Nas margens do Tejo e do Sorraia, em Muge, foram descobertos, já no século XIX, os célebres concheiros mesolíticos — autênticas bibliotecas naturais onde se acumulam conchas, ossadas e objetos de comunidades que viveram há cerca de sete a oito mil anos. Foi nesse contexto que surgiu o esqueleto de um cão, mais tarde guardado no Museu Nacional de Arqueologia, em Lisboa, durante décadas. Uma presença silenciosa, à espera de que a ciência tivesse ferramentas para contar a sua história.
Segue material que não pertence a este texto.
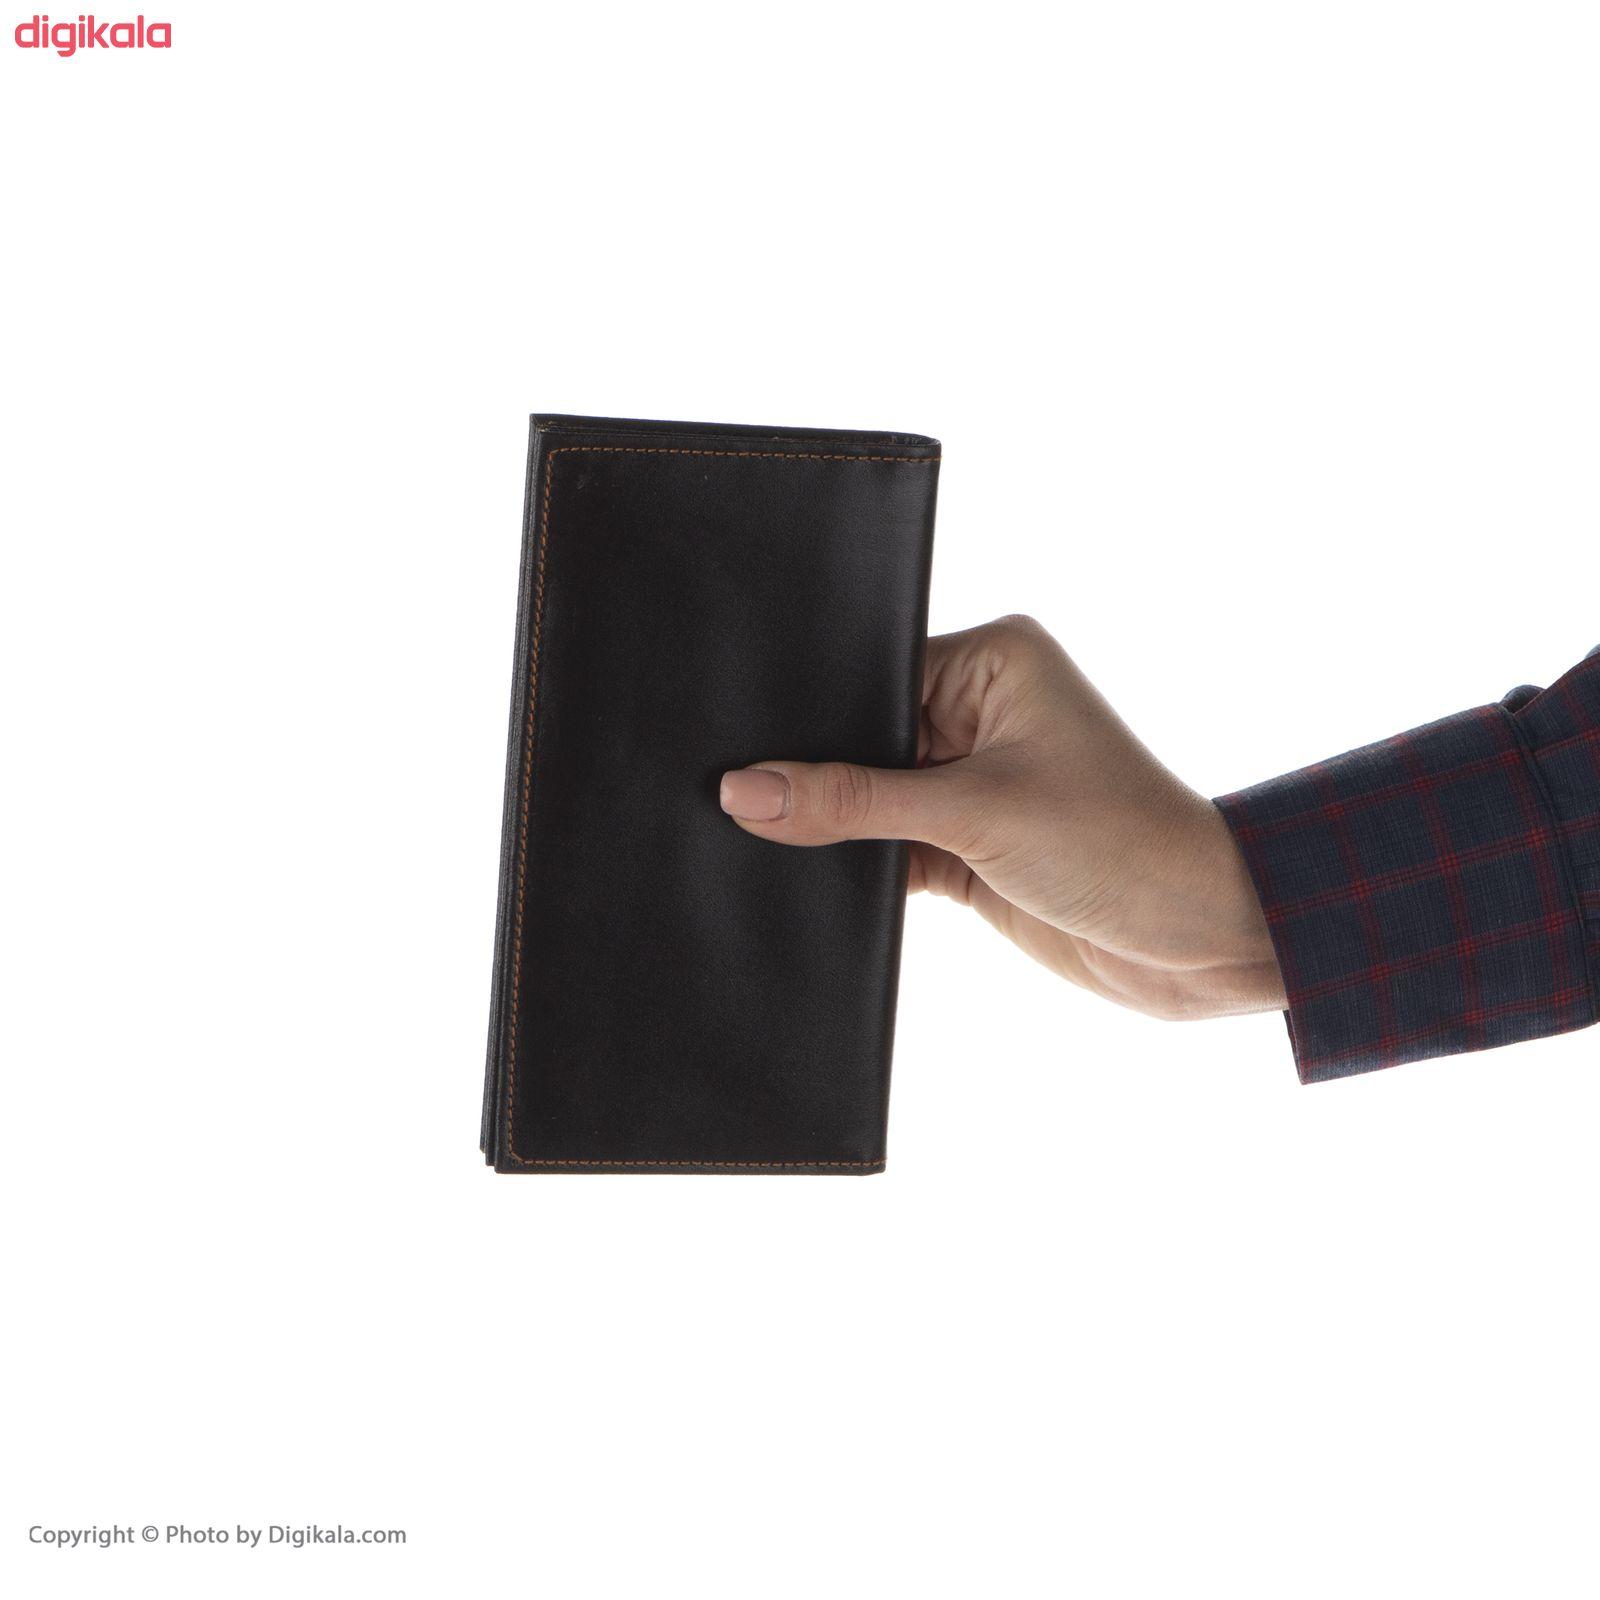 کیف پول مردانه رویال چرم کد M36 main 1 11

E essa história começou a ser contada agora. Graças a análises tecnológicas recentes, sabemos que o animal teria vivido entre 2 e 6 anos de idade. Mais revelador ainda: foi depositado com cuidado, num gesto que transcende o simples descarte de restos animais. A arqueologia mostra-nos, com rigor quase científico, aquilo que o coração humano já adivinhava: há milhares de anos, os homens do Mesolítico olhavam para os cães não apenas como auxiliares de caça, mas como companheiros, dignos de afeto e de memória.
Este dado comove porque nos humaniza. Em Muge, muito antes de a agricultura se consolidar, muito antes das cidades e dos impérios, alguém se inclinou sobre o corpo de um cão e decidiu dar-lhe um fim digno. Esse gesto, conservado no silêncio das areias e conchas do Ribatejo, é um testemunho de proximidade, de confiança e até, diria, de amor.
Não se trata, portanto, apenas de um achado arqueológico. Trata-se de um símbolo da antiguidade da ligação entre o homem e o cão. Uma ligação que continua a marcar-nos, seja no campo ribatejano, nas cidades ou nas nossas casas. Ao olharmos para o “Cão de Muge”, reconhecemos que a amizade entre espécies atravessa o tempo como uma das mais belas constantes da condição humana.
O Ribatejo, terra de rios e de memórias, não nos dá apenas paisagens férteis e tradições vivas. Dá-nos também esta janela para um passado remoto que continua a iluminar o presente. O “Cão pré-histórico português” é, assim, um motivo de orgulho para todos nós: mostra ao mundo que, aqui, na beira do Sorraia, nasceu uma das mais antigas histórias de amizade da humanidade.